Proof eco-extremists don’t want to fix the problem, they want to tear down society.

This week, Harvard University has shut down a Bill Gates-funded geoengineering experiment. The controversial Stratospheric Controlled Perturbation Experiment, or SCoPEx, run by professors David Keith and Frank Keutsch, aimed to study the potential future implementation of geoengineering by crop dusting sulphuric acid into our stratosphere. Nice.

Even if you put aside the almost instant validity such an experiment would give to conspiracy theories like chemtrails and HAARP, it still sounds a bit too much, playing with our thin air like that — in an unprecedented, and potentially catastrophic, manner, too.

But let’s not kid ourselves. The plug wasn’t pulled over fears of playing fast and loose with the venusformation of Earth’s atmosphere.

Nor was it due to the Harvard faculty’s occasional (yet frequent) dalliance with plagiarism or concerns over the lack of diversity within the ivory tower.

No, according to the MIT Technology Review, it was something else entirely: “Even studying the possibility of solar geoengineering eases the societal pressure to cut greenhouse gas emissions,” it clarified.

The Harvard Crimson picked up the scent too, noting that “a vocal minority of scientists have voiced concern that [the experiment’s] technology may provide an excuse to reduce pressure to cut emissions.”

And that’s the irony. Fixing “climate change” without destroying capitalism and everything the West stands for does nothing for the revolution.

What a waste of a good crisis!

It turns out, the climate change business thrives on more climate change alarmism. Whodathunk?

The Harvard Crimson cited a “vocal minority of experts,” among them Chris Field from Stanford’s Woods Institute for the Environment. Field insists that cutting emissions swiftly is the only way to save the world and, even if geoengineering “worked spectacularly,” it still wouldn’t address “all the impacts” of climate change.

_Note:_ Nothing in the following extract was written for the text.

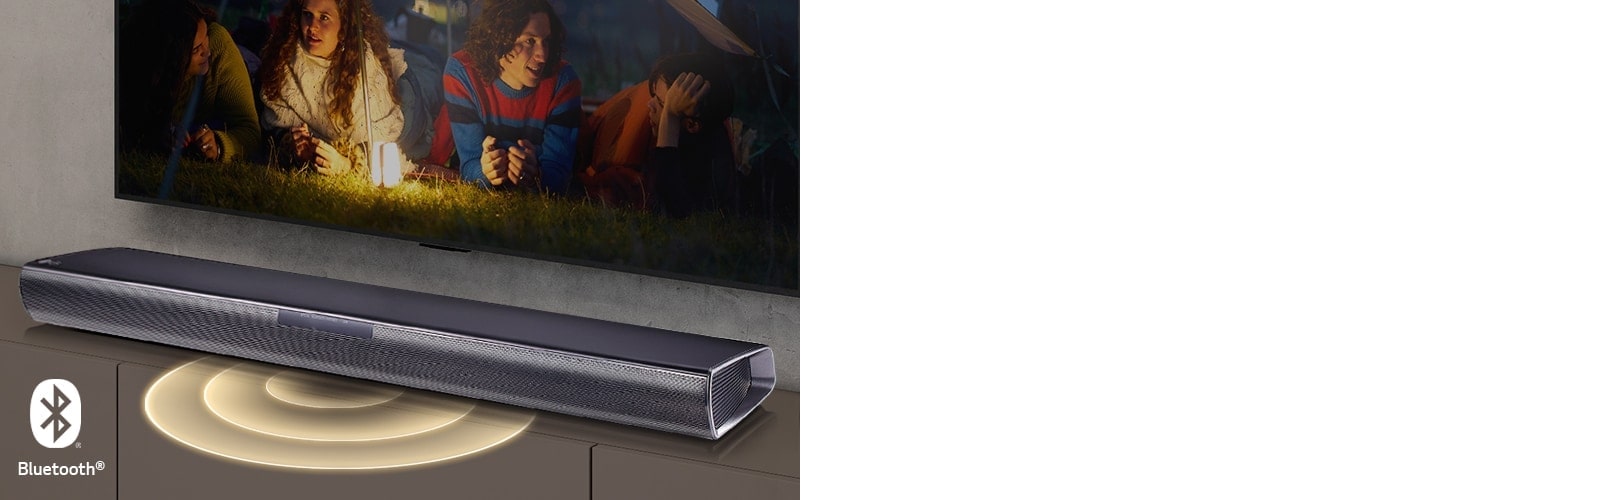 LG TV je na zidu, na ekranu se prikazuju 2 para koja leže na travi. Ispred njih se nalazi lampa. LG Soundbar zvučnik nalazi se ispod LG televizora. Grafika zvuka se pojavljuje iz prednjeg dela Soundbar zvučnika. Logotip Bluetooth prikazan je u donjem levom uglu slike.

What impacts? Well, fortunately, a letter from the Saami Council, representing indigenous tribes from across the Nordics and Russia, to the SCoPEx Advisory Committee spells it out: “the irreversible sociopolitical effects that could compromise the world’s necessary efforts to achieve zero-carbon societies.”

So here’s what we have in our hands, a new rendition of the classic Mexican standoff: technocratic geoengineering, economic planning, and social revolution, all aiming guns at each other.

The fear? If the hoi polloi believe a tech fix is close, they might second-guess the need for human sacrifices to overthrow capitalism and appease the gods of the weather.

Raymond Pierrehumbert, a physics guru at the University of Oxford, sums up the thinking, casting geoengineering as a “painkiller,” or perhaps an iron lung, risking to distract the Tide pod-drinking generation from fighting the good fight. Lucky for us he’s a physicist, not a physician.

Then there’s the ETC Group, an extreme climate fundamentalist cult, screaming apocalypse if we even think about geoengineering.

“These experiments amount to scenes in a high-stakes political theater,” said pastor Jim Jones, I mean Jim Thomas, ETC’s mouthpiece. Thomas is concerned the experiment is a grand scheme to trick the populace into rolling out the red carpet for big money. He has a point.

Even Greta Thunberg throws her two cents in, with her usual doomsday charm. “Nature is doing everything it can; it’s screaming at us to back off, to stop — and we are doing the exact opposite,” she said about this specific experiment. A study in non sequitur.

David Keith of SCoPEx, in defense of his work, compares geoengineering sceptics to the naysayers who once argued against airbags, claiming they would encourage reckless driving.

What do you think? Post a comment.

But from where I’m standing, the critics resemble those parents of so-called “trans kids” afflicted with Munchausen syndrome by proxy, who, in their fixation with “climate-affirming care,” recklessly throw all caution to the wind.